Very often it is a buffer overrun; as an example, this code:

char buffer[8];
buffer[8] = 'a';

will "stomp" on whatever happens to be in the next thing in memory after buffer. Generally speaking, 'stomping' is when memory is written to unintentionally.

Memory is "stomped" when a piece of code manipulates memory without realizing that another piece of code is using that memory in a way that conflicts. There are several common ways memory can be stomped.

One is allocating, say, 100 bytes of memory but then storing something past the 100th address. This memory might be used to hold something completely different. This is particularly hard to debug because the problem will appear when something tries to access the victim that was stomped on, and the code that stomped on it may be totally unrelated.

Another is accessing memory after it was freed. The memory may be allocated for another object. Again, the code that shows the problem may be related to the newly-allocated object that got the same address and unrelated to the code that caused the problem.

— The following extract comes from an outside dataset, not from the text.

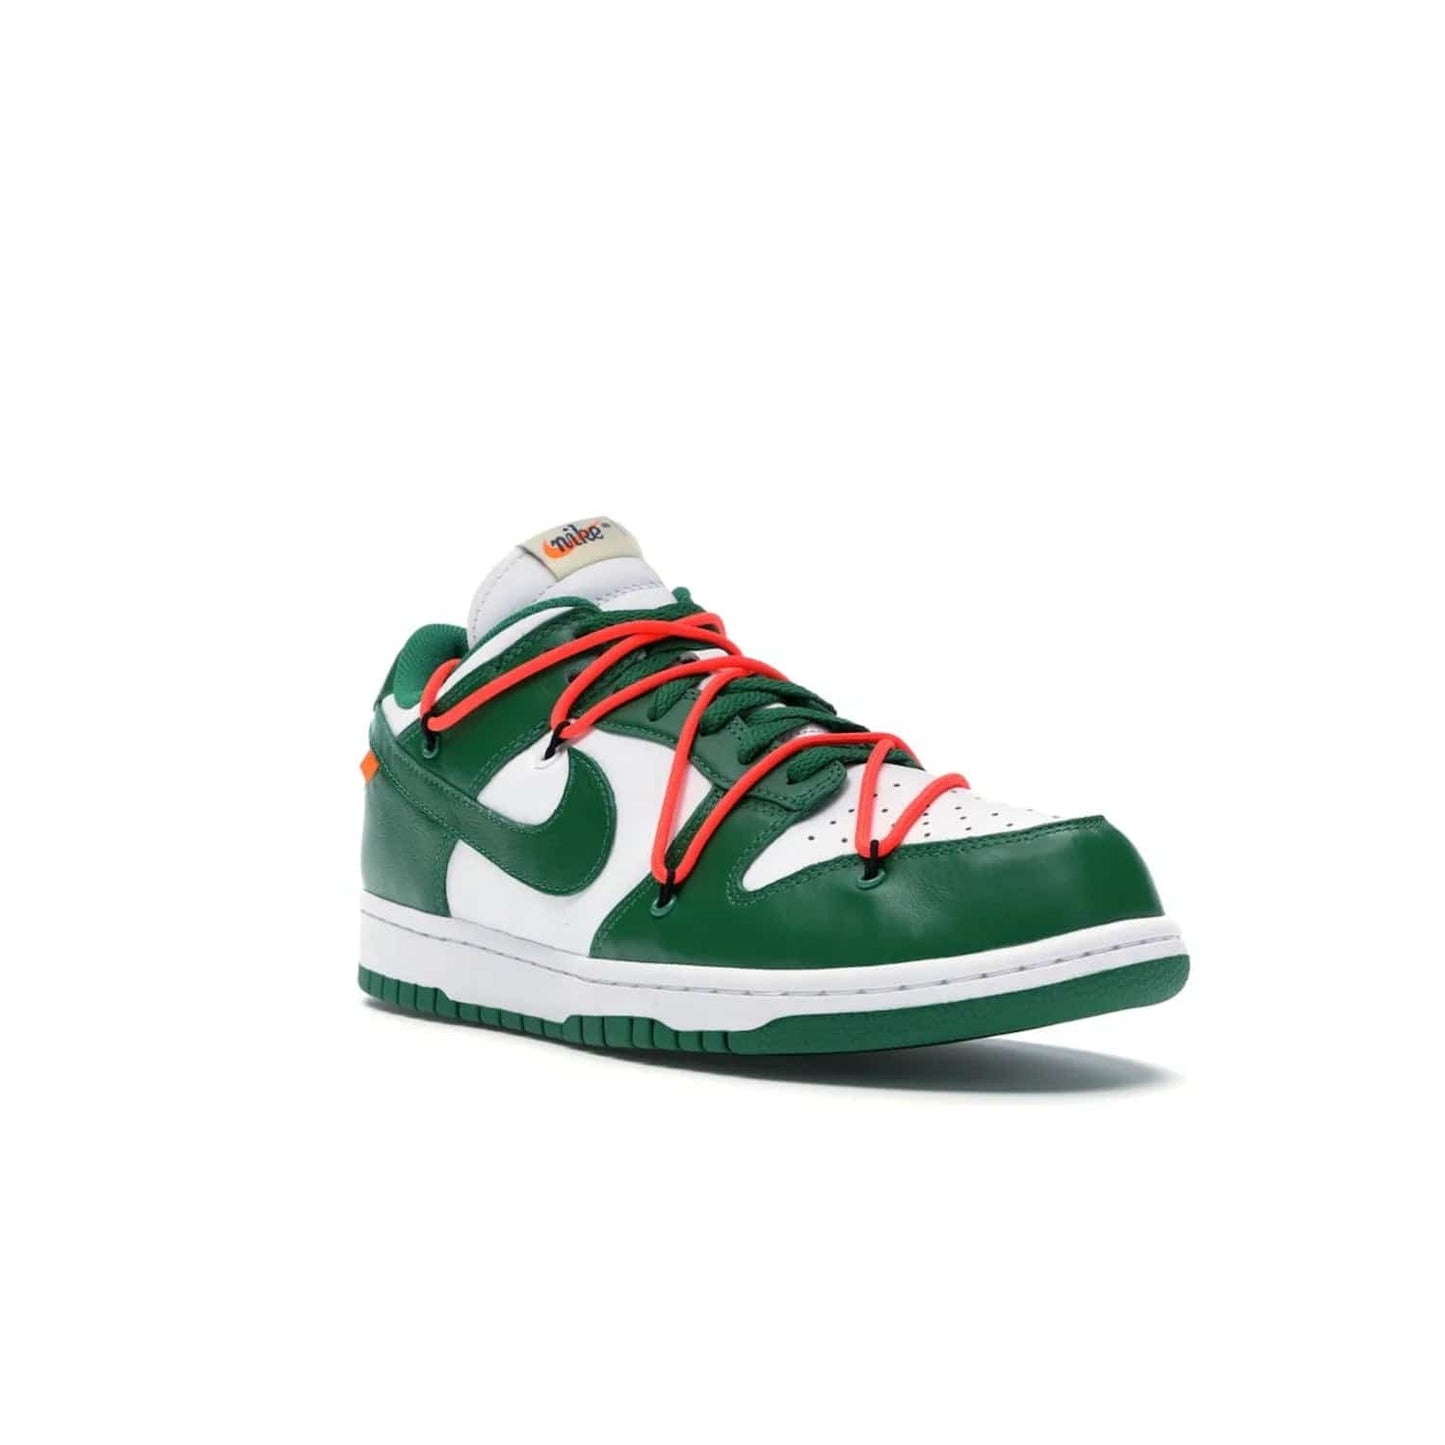 Nike Dunk Low Off-White Pine Green - Image 6 - Only at www.BallersClubKickz.com - The Nike Dunk Low Off-White Pine Green combines classic 1980s style with modern-day design. Featuring white leather uppers and pine green overlays, these classic kicks feature secondary lacing system, zip-ties and signature Off-White text. Releasing in December 2019, these shoes are a timeless classic for any wardrobe.

Other answers basically are correct, but I would like to give an example.

int a[10], i;
for (i = 0; i < 11 ; i++)
a[i] = 0;

int i, a[10];
for (i = 0; i < 11 ; i++)
a[i] = 0;

These samples may lead into infinite loop (or may not lead), because it is undefined behavior.

Very likely variable i in memory is stored just after array. So accessing a[10] could actually access i in other words it could reset loop counter.

I think it is good example that demonstrates memory "stomping".